But then again, there's that thing about the eye contact, which might be my way of distancing myself after all. Maybe I am shy in some weird way after all. I dunno really. I regard myself as fun to be around anyway. Having diverse customers is pretty good practice for joke-cracking, I tell ya  I love making people laugh, or at least chuckle.

But there is one thing though: I have never really had a "best friend" as such. I kind of seem to rotate my circle of friends depending on where I am. I suck at keeping contact with old friends, the "older" they get. In some way you could say I am a loner.

No wait. I AM a loner. Period. 

I need my "Me"-time. I don't know if you guys have it like this as well, but as outgoing and open as I can be, I stille really need time to myself. 
If I don't have some time, all to myself, I tend to get grumpy and a bit short-tempered. I guess that comes from being an only child, and spending most of my childhood alone. When I'm alone, I am at peace and can recharge my batteries. 
I believe all people of an introspective nature understand me here, but I have a very strong need for my me-time, and sadly it ended up being a factor in a relationship falling apart.

Holy shit this is a long post.  

As for girls; I still have a real problem just walking up and saying "Hi" to them. On the other hand, I'm still kind of reeling over the demise of my previous relationship, which was my first love.
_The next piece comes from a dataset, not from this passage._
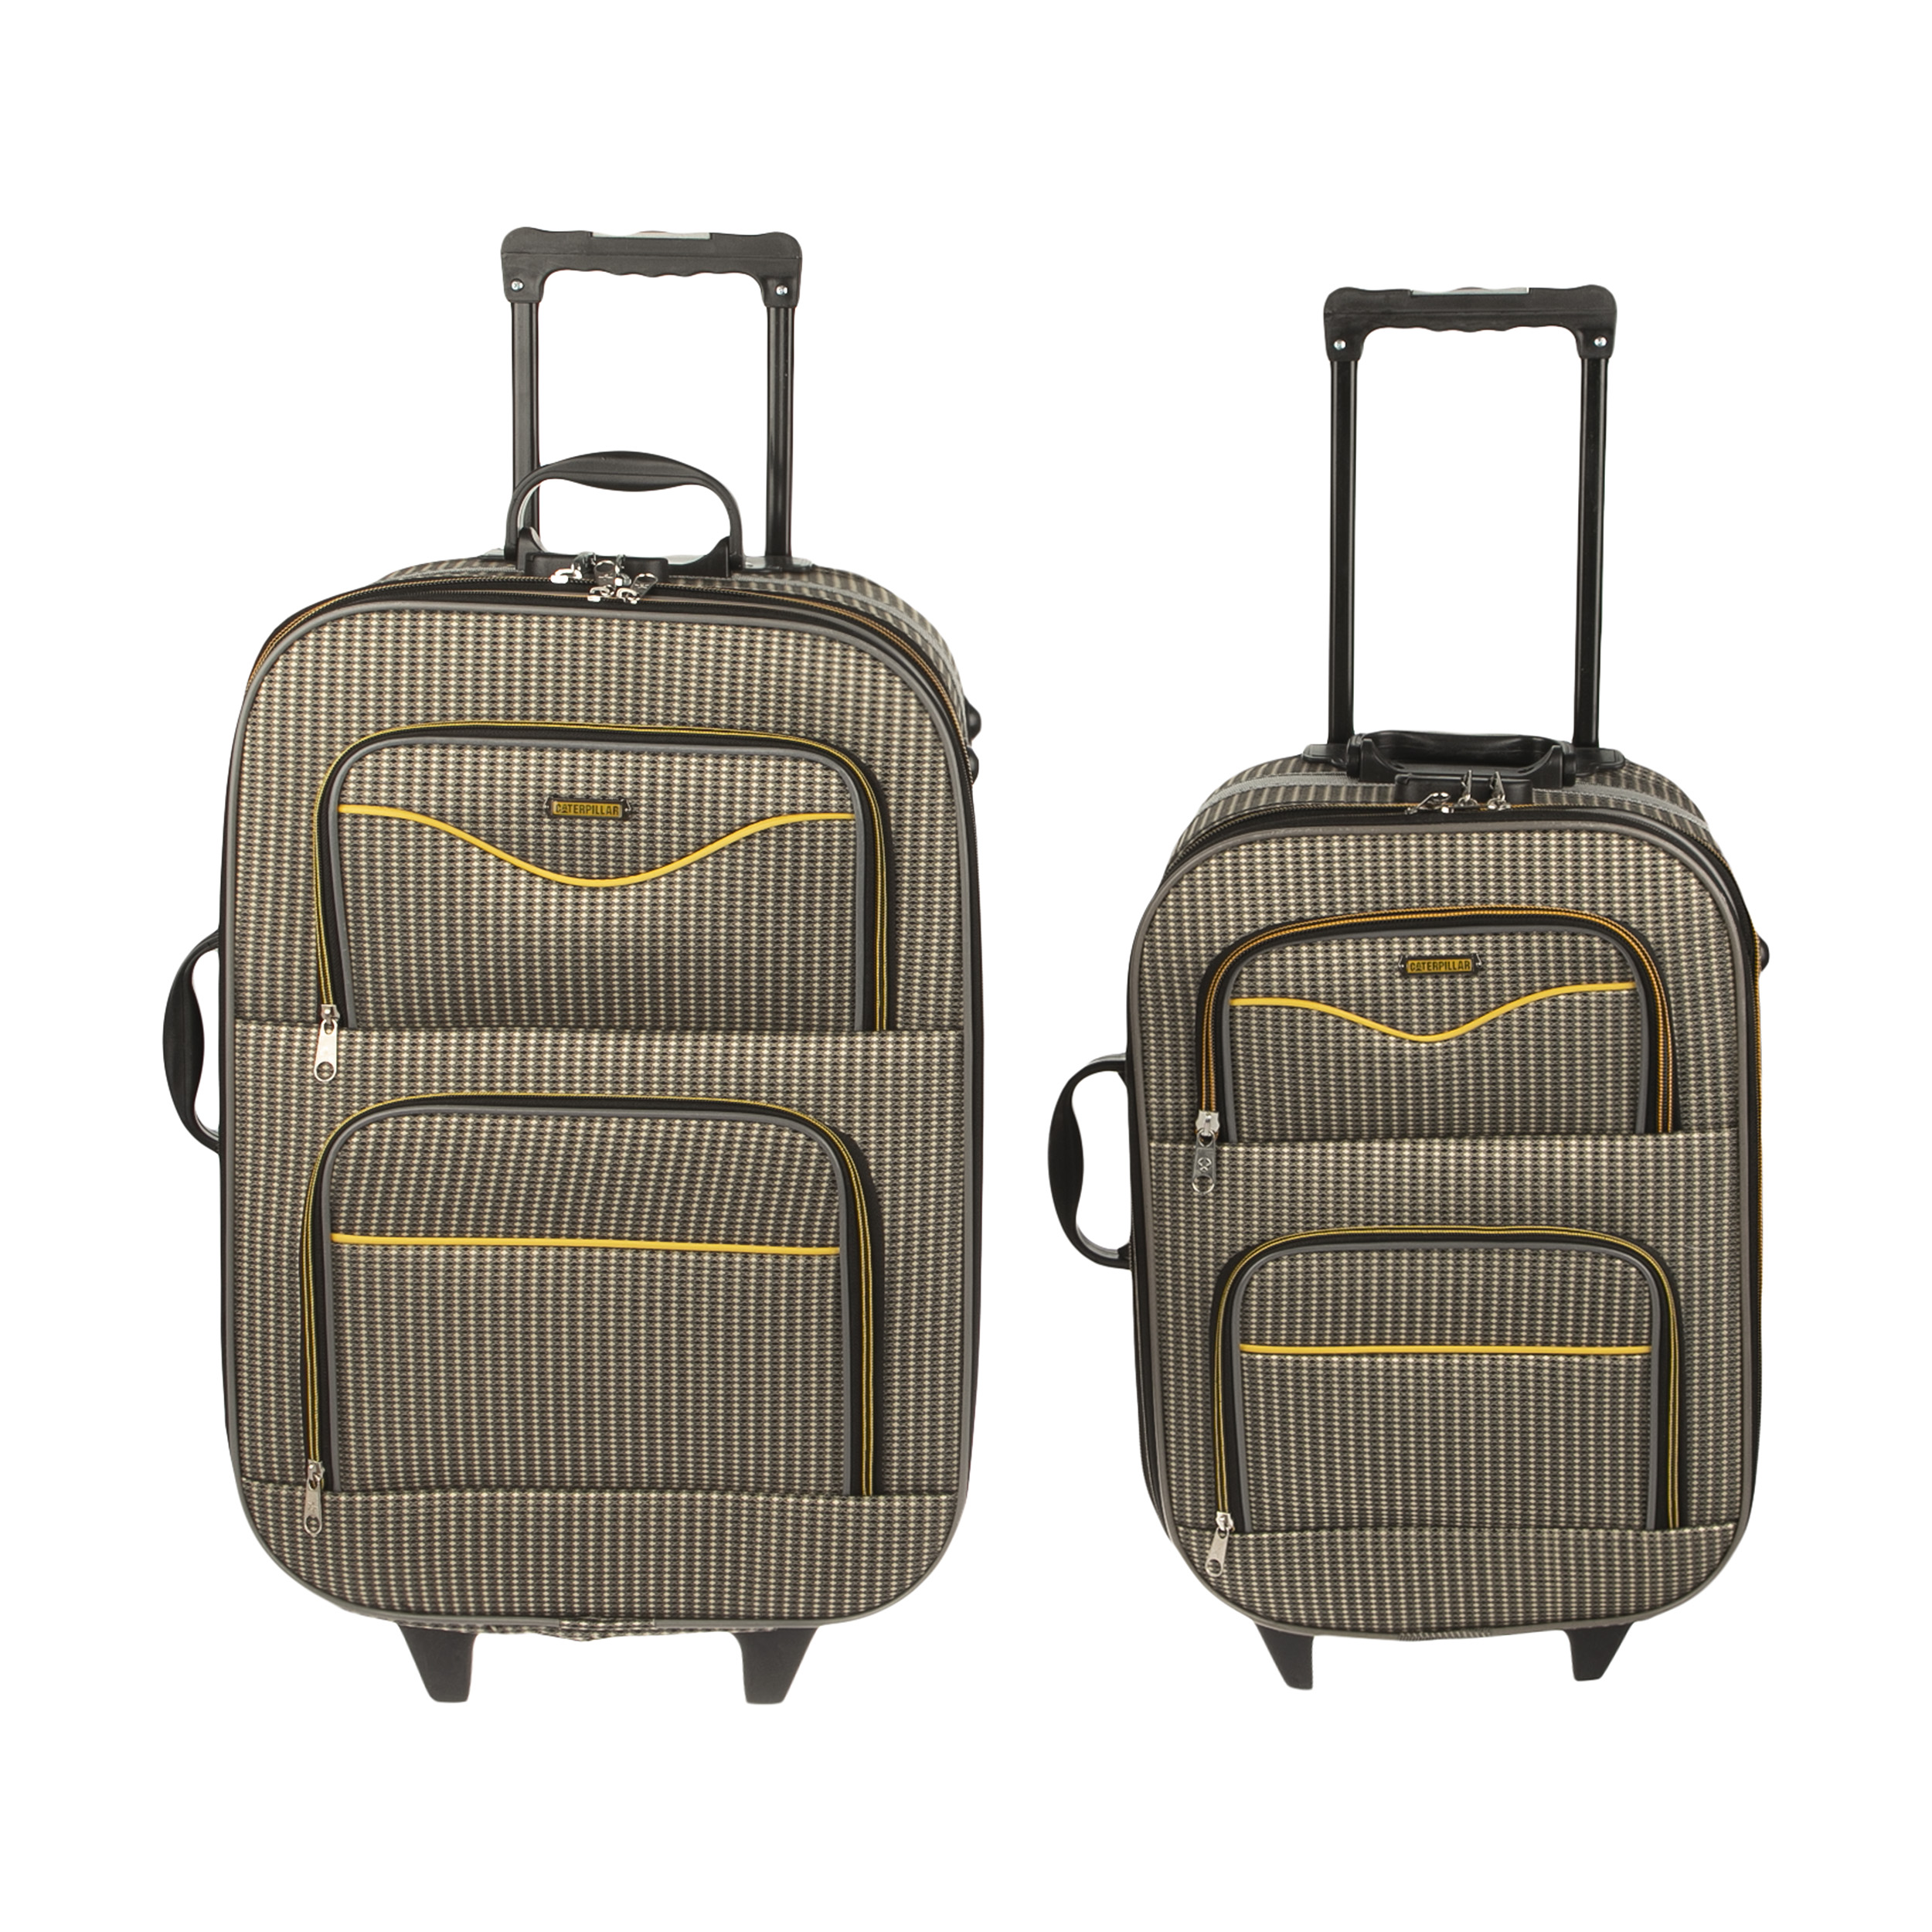 مجموعه دو عددی چمدان مدل H09

So therefore I'm kind of hoping it'll get better once I fully recover. 
I am really happy with my looks, and don't mind people noticing me. I've gotten a good deal of compliments on everything from my hair, to my eyes, body or frickin' TEETH from girls, so I must have something going on  

Besides, I wouldn't look the way I did, if I didn't want people to notice me. I WILL look out of place, in a mainstream disco as well as at a metal gig. 
At the metal gig, I will turn up in tight jeans, a tight white t-shirt and my trademark big-ass sideburns and rockabilly-style hair. 
At the disco, I will look the same, only in an equally tight Morbid Angel- or Nile tee 

I don't know if that qualifies as actual extrovertedness, or just a defence mechanism.. My high school drama teacher said to me, that I often try to clown my way out of an awkward situation, and that is completely true. I think that with humor, I simultaneously distance and warm myself to people, strangers in particular.
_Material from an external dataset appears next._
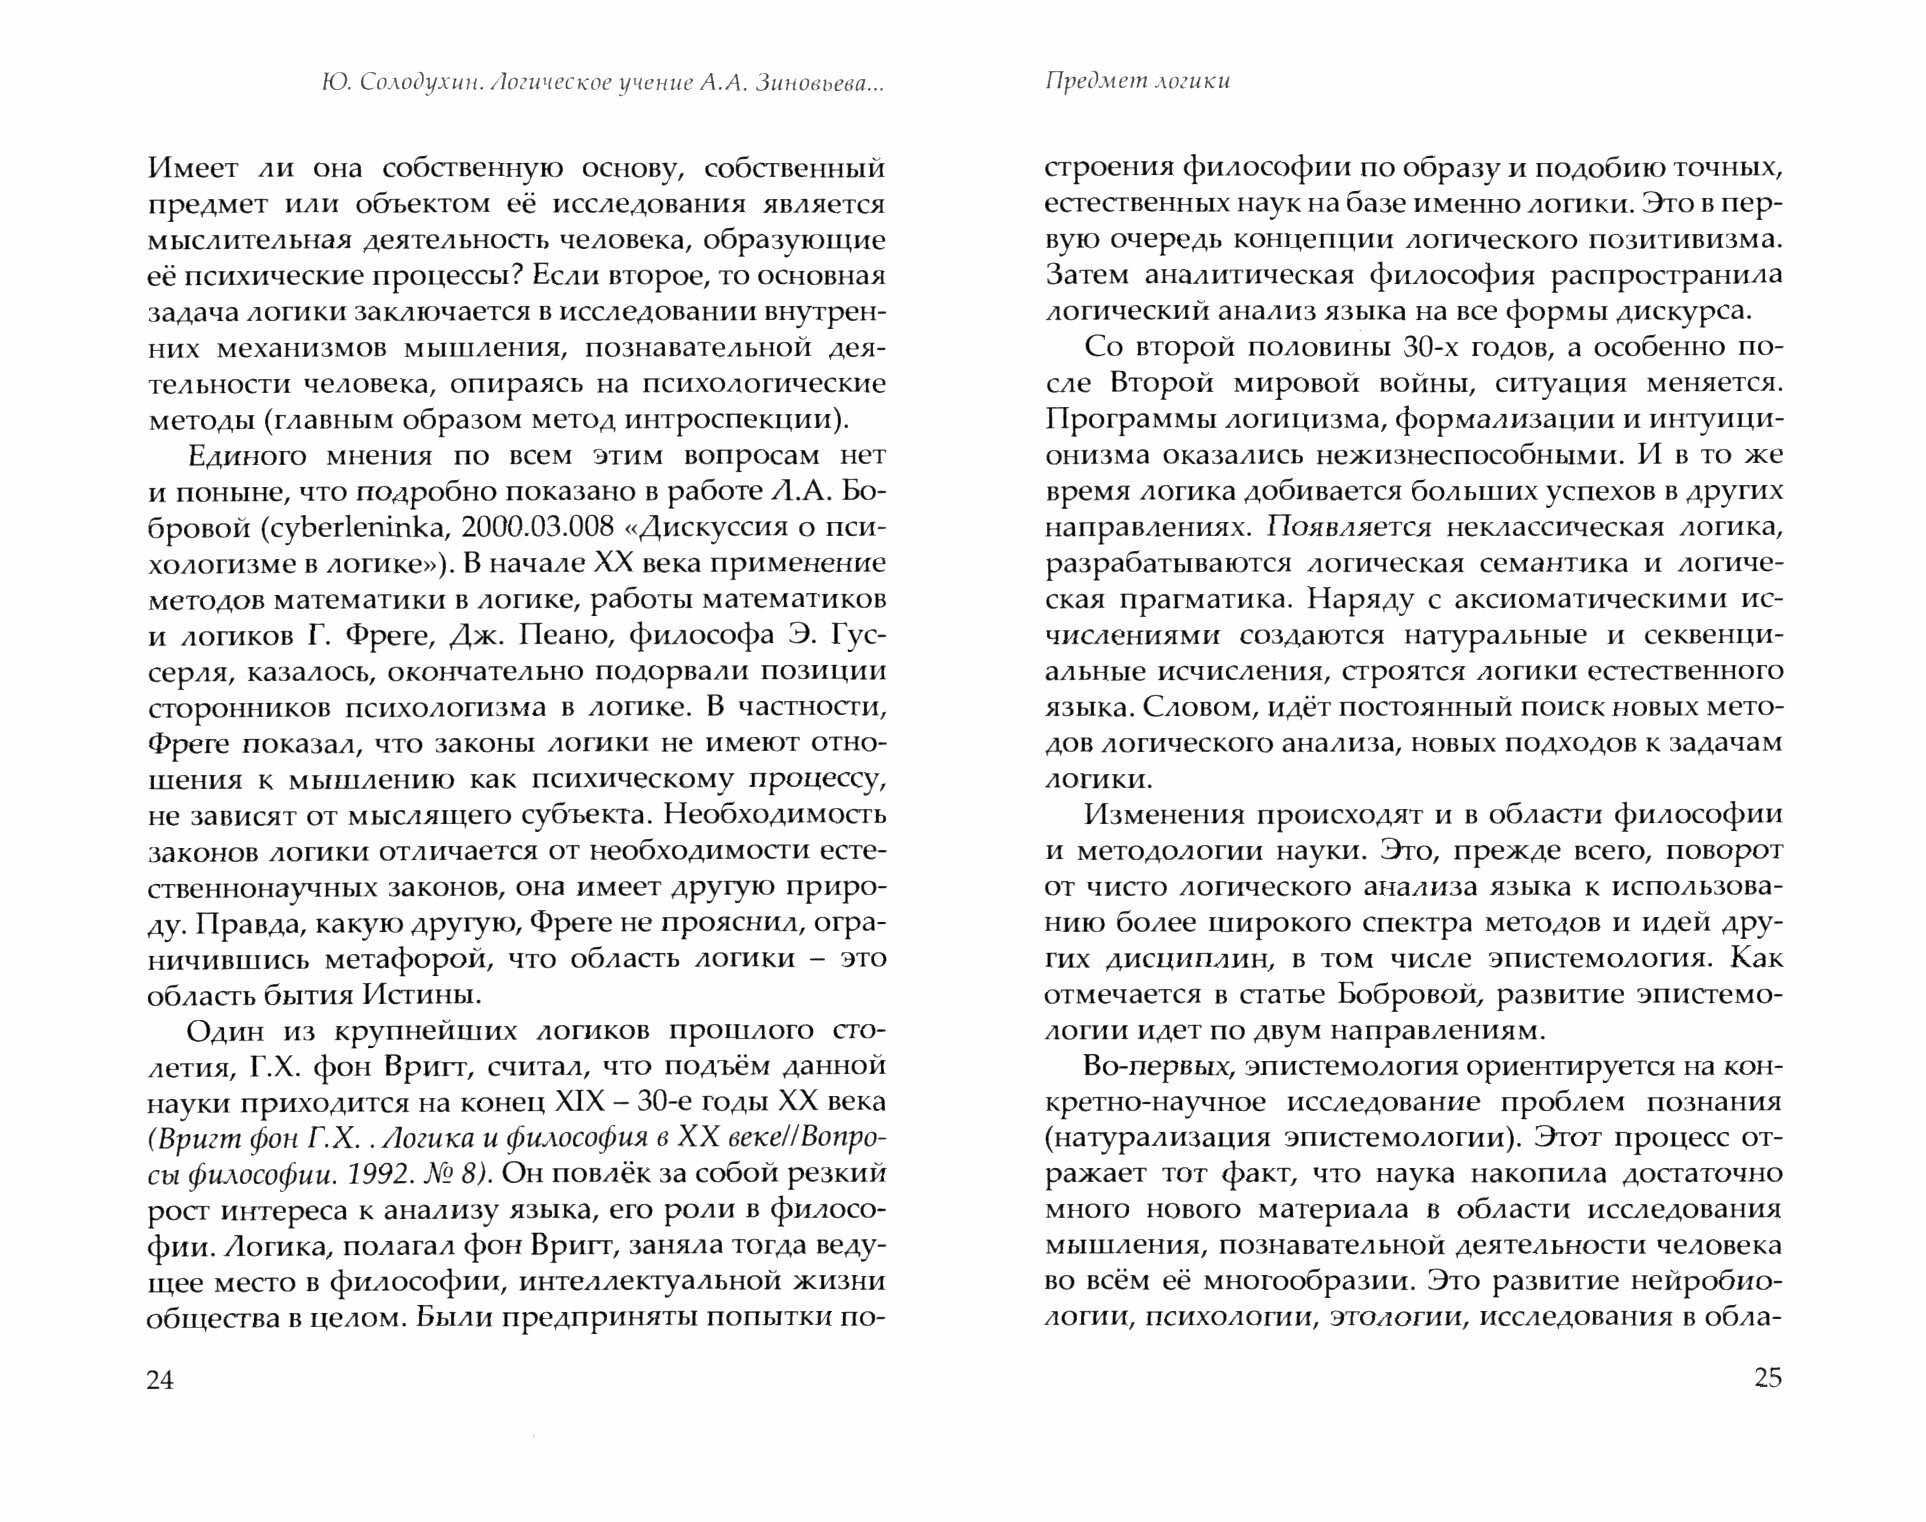 Логика и методология Александра Зиновьева - фото №3

Holy shit, this is a REALLY long post. 

Well, yeah.. Now I'm sitting here, and have told openly about myself, to complete strangers. That must qualify for something?! At least, just as plain ol' honesty


----------



## B Lopez (Feb 22, 2007)

Loomer said:


> I am really happy with my looks, and don't mind people noticing me. I've gotten a good deal of compliments on everything from my hair, to my eyes, body or *frickin' TEETH from girls*, so I must have something going on



Ive gotton that one before, I was speechless. Of all the things she could say, she picked my teeth.


----------



## Loomer (Feb 22, 2007)

B Lopez said:


> Ive gotton that one before, I was speechless. Of all the things she could say, she picked my teeth.



Exactly!

"Did you even NOTICE my perfect ass/abs/eyes?!"


----------



## B Lopez (Feb 22, 2007)

No kidding, I spend countless hours at the gym and get nothing about my body. Unless its "Look at his man-boobs!"  

They're pecs damnit!


----------



## All_¥our_Bass (Feb 23, 2007)

ohio_eric said:


> This thred scares me. I've become convinced that I give a pheromone that attracts psychos.


 
I have the same problem. They weren't psychos, but almost anyone I've dated has had something odd going on in their head. My most recent ex is a shizophrenic, she was nice, didn't act all wierd or anytihng liek taht. But she had to take meds for her shizophrenia, which made her really tired all the time. She said she sometimes heard voices that weren't there. Now I can't exactly blame myself or have mr. pot calling mr. kettle black, because I'm a bit strange myself.


----------



## Metal Ken (Feb 23, 2007)

B Lopez said:


> Ive gotton that one before, I was speechless. Of all the things she could say, she picked my teeth.



Shit, i got some girl's GRANDMA hitting on me. i went to the grocery store to get some food before work a few weeks ago, and some lady was like "You've got pretty hair" "Oh, thanks!" Then her fuckin wheelchair bound grandma goes and says "I'd go farther than that!" I was like   

I got the fuck outta dodge at that point


----------



## All_¥our_Bass (Feb 23, 2007)

Loomer said:


> I went to a boarding school and really opened up, and found out I got along really well with girls, but couldn't get any action even if my life depended on it.


 
I can never tell if they want me or if they are just being nice.



Metal Ken said:


> Shit, i got some girl's GRANDMA hitting on me. i went to the grocery store to get some food before work a few weeks ago, and some lady was like "You've got pretty hair" "Oh, thanks!" Then her fuckin wheelchair bound grandma goes and says "I'd go farther than that!" I was like
> 
> I got the fuck outta dodge at that point


 
I get really pissed when my mother's friends decide to hit on me.


----------



## Metal Ken (Feb 23, 2007)

All_¥our_Bass;399927 said:


> I can never tell if they want me or if they are just being nice.
> 
> 
> 
> I get really pissed when my mother's friends decide to hit on me.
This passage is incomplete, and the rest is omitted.